There are an ever increasing number of these 'indirect effects', but the two most discussed are the aerosol/cloud opacity interaction (more aerosols provide more sites for water to condense in clouds, thus cloud droplets are smaller and clouds become more opaque), and the cloud lifetime effect (smaller droplets make it more difficult to make drops big enough to rain, and so clouds live longer). Estimates of the importance of such effects vary widely, and while they are thought to be significant, the uncertainty associated with them is very large. These effects are nevertheless a necessary part of the suite of human-related forcings that are being assessed in order to understand the climate of the 20th Century.
It should however be stressed that there are as yet no completely convincing explanations that quantitatively match the (admittedly uncertain) observations of this phenomena (Liepert and Lohmann, 2004 http://www.ldeo.columbia.edu/%7Eliepert/papers/200... ).
http://www.realclimate.org/index.php?p=105
And the second article contained:
Why is solar radiation changing? From observations we can separate cloud-free skies and cloudy conditions. We can hence infer clouds or atmospheric transparency as possible causes for the dimming. In my study of the US data I identified clouds as the main reason for the dimming of sunlight. Only about a fifth of the dimming could be observed during cloud-free conditions.
Why should the atmospheric transparency change at all in cloud-free conditions? V. Ramanathan explained it in the BBC documentary. Sunlight is reflected by air pollution or absorbed in the atmosphere before it reaches the ground. Field campaigns like INDOEX http://www-indoex.ucsd.edu/ show this clearly (well, not "clearly" in the literal sense!). Advanced climate models include this "direct" aerosol effect and base their inputs on experiments like INDOEX.

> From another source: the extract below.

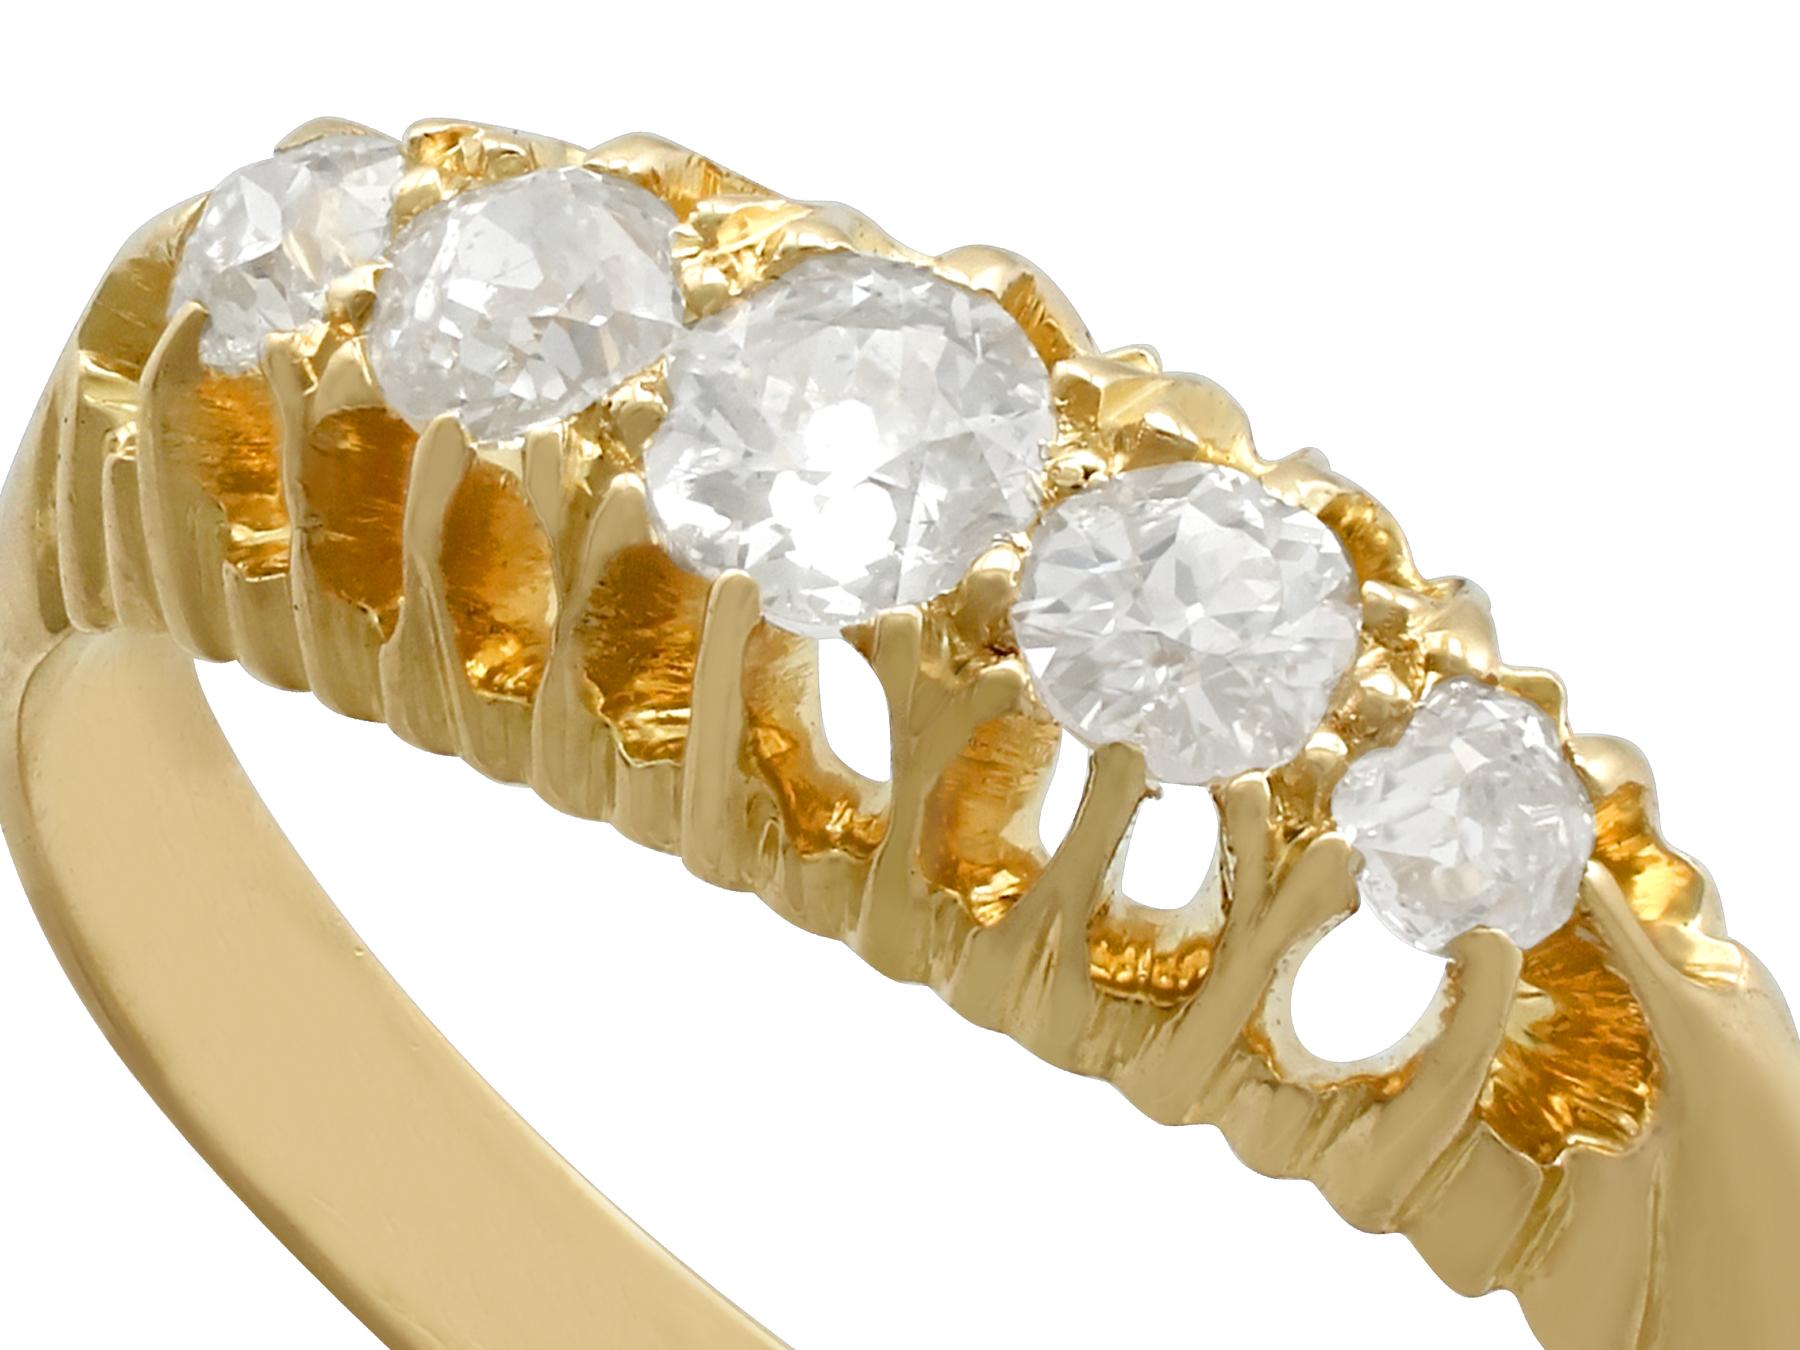 A fine and impressive antique 0.56 carat diamond and 18 karat yellow gold five stone cocktail ring; part of our diverse antique jewelry and estate jewelry collections.

This fine and impressive antique Edwardian diamond ring has been crafted in 18k

Why should clouds change? Global warming for example. Surprised? Most climate simulations predict some "global dimming" due to the water vapor and cloud feedback of greenhouse gas forced global warming. Global warming, however, affects the entire atmosphere whereas global dimming is only a surface and near-surface phenomena. Hence global warming and global dimming are not exclusive or contradictory. (Incidentally, the decline of solar energy at the surface inferred in my study is about 60% of the increasing longwave radiation in a typical global warming climate simulation (Feichter et al. 2004 http://www.ldeo.columbia.edu/~liepert/biblio.html )). With global warming, atmospheric moisture increases and this makes the atmosphere slightly less transparent to sunlight. Furthermore once clouds are formed, they tend to hold more water and therefore look a little darker.